Start of Data below

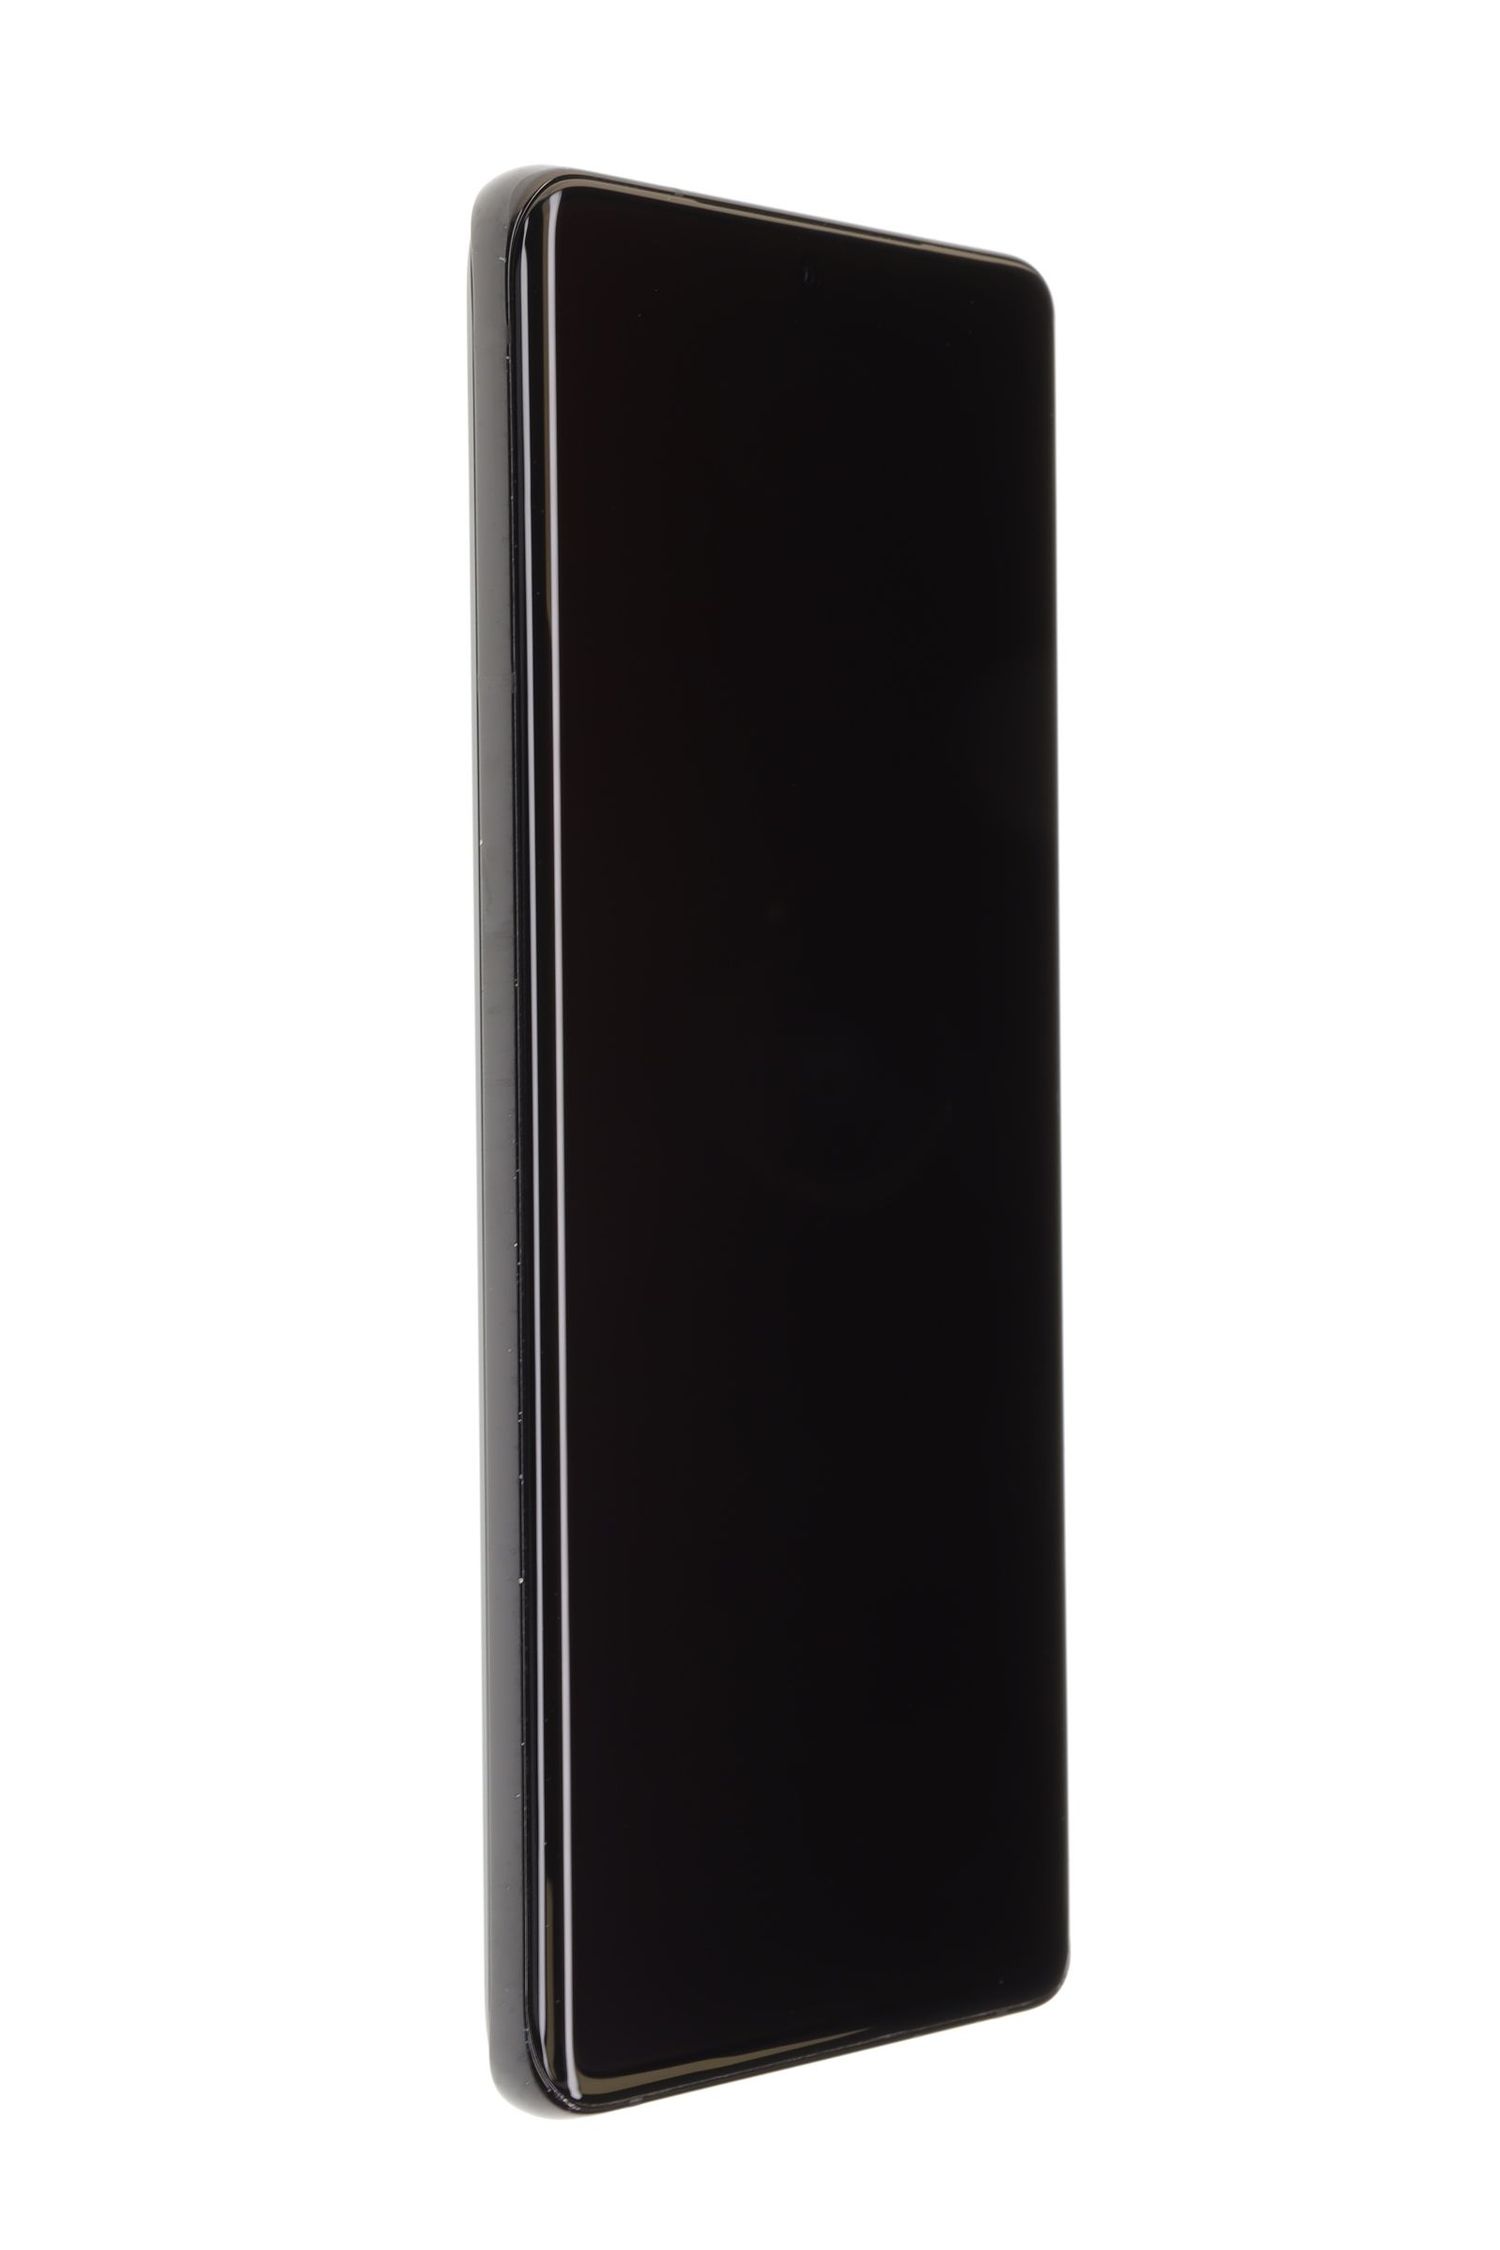 Κινητό τηλέφωνο Samsung Galaxy S21 Ultra 5G Dual Sim, Black, 128 GB, Foarte Bun
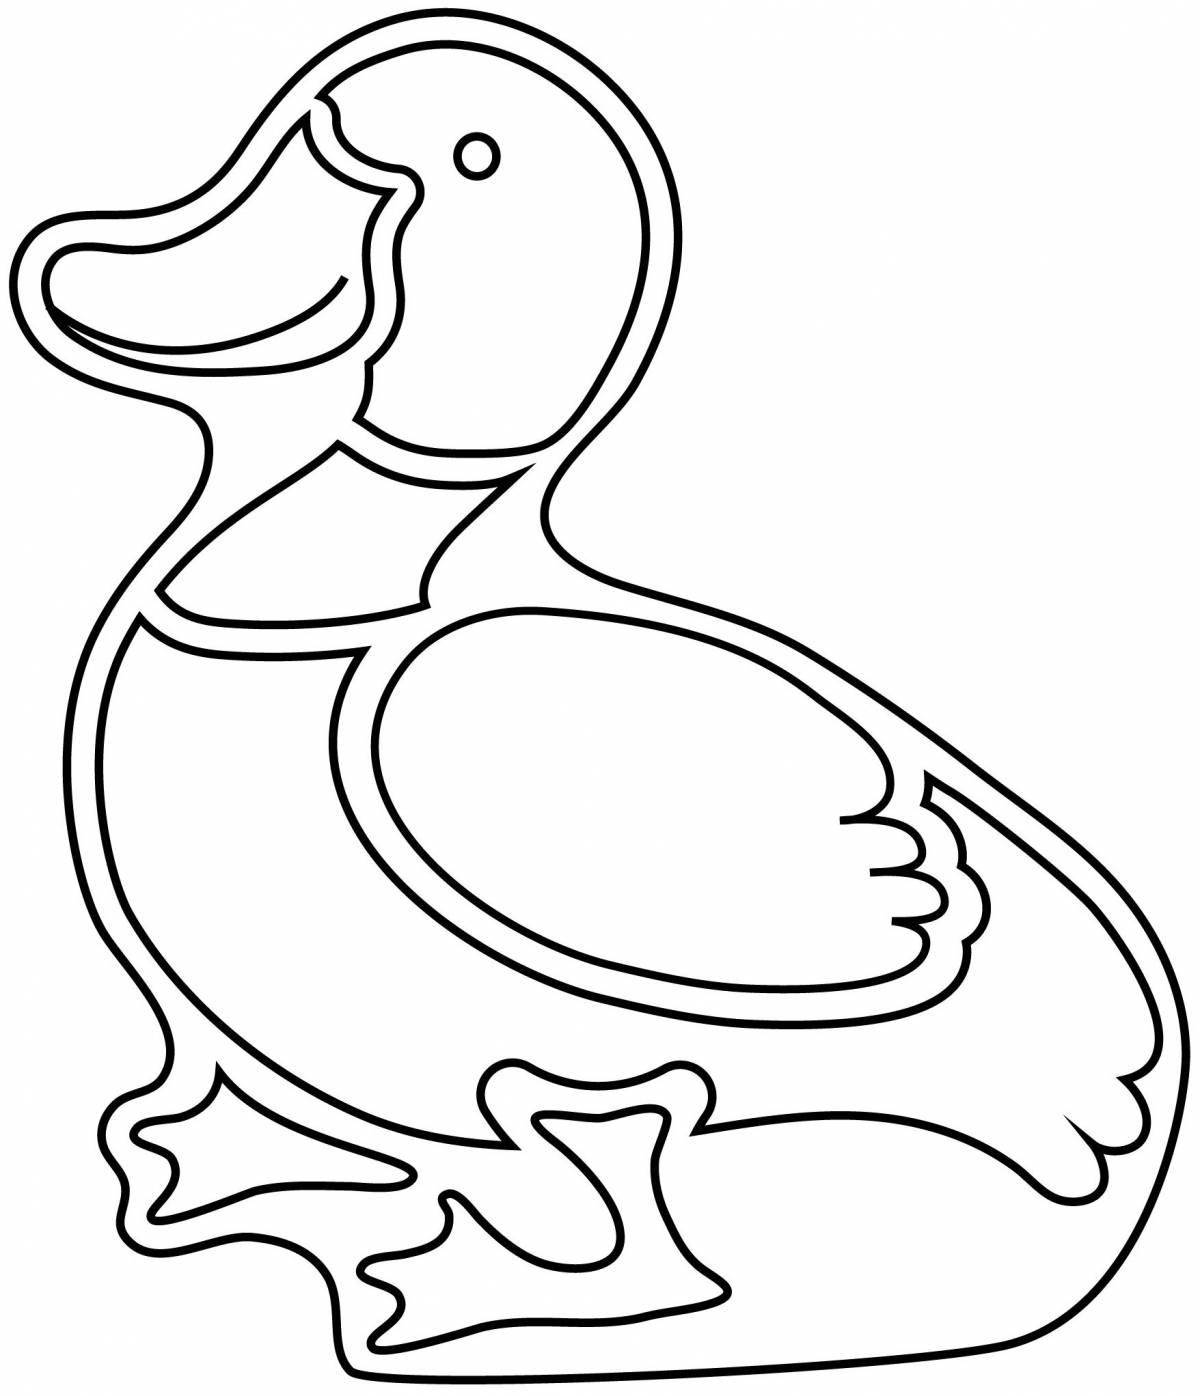 Раскраска утка с цветными брызгами для детей 3-4 лет
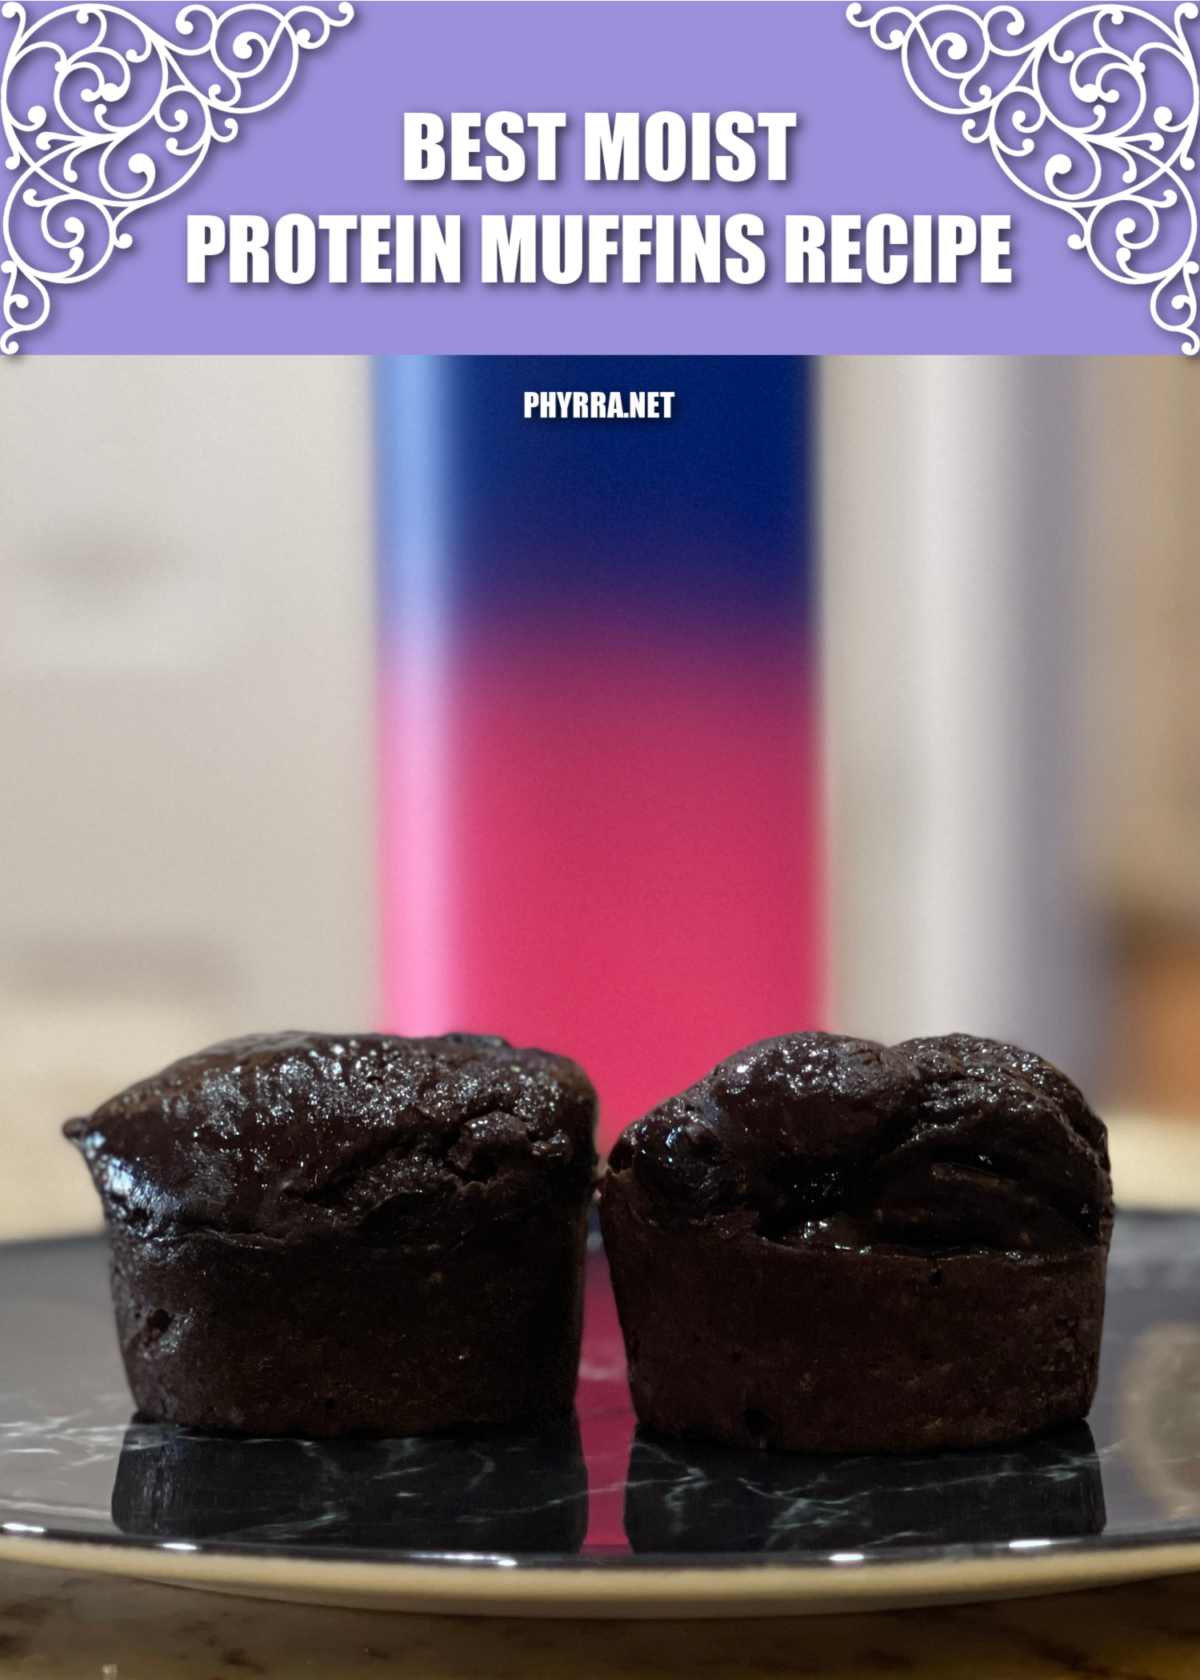 Best Moist Protein Muffin Recipe

End of Data below

**Work order**
Reproduce the data exactly as it appears above. Pictures are to be left out.

**Task output**
 Κινητό τηλέφωνο Samsung Galaxy S21 Ultra 5G Dual Sim, Black, 128 GB, Foarte Bun
 Раскраска утка с цветными брызгами для детей 3-4 лет
 Best Moist Protein Muffin Recipe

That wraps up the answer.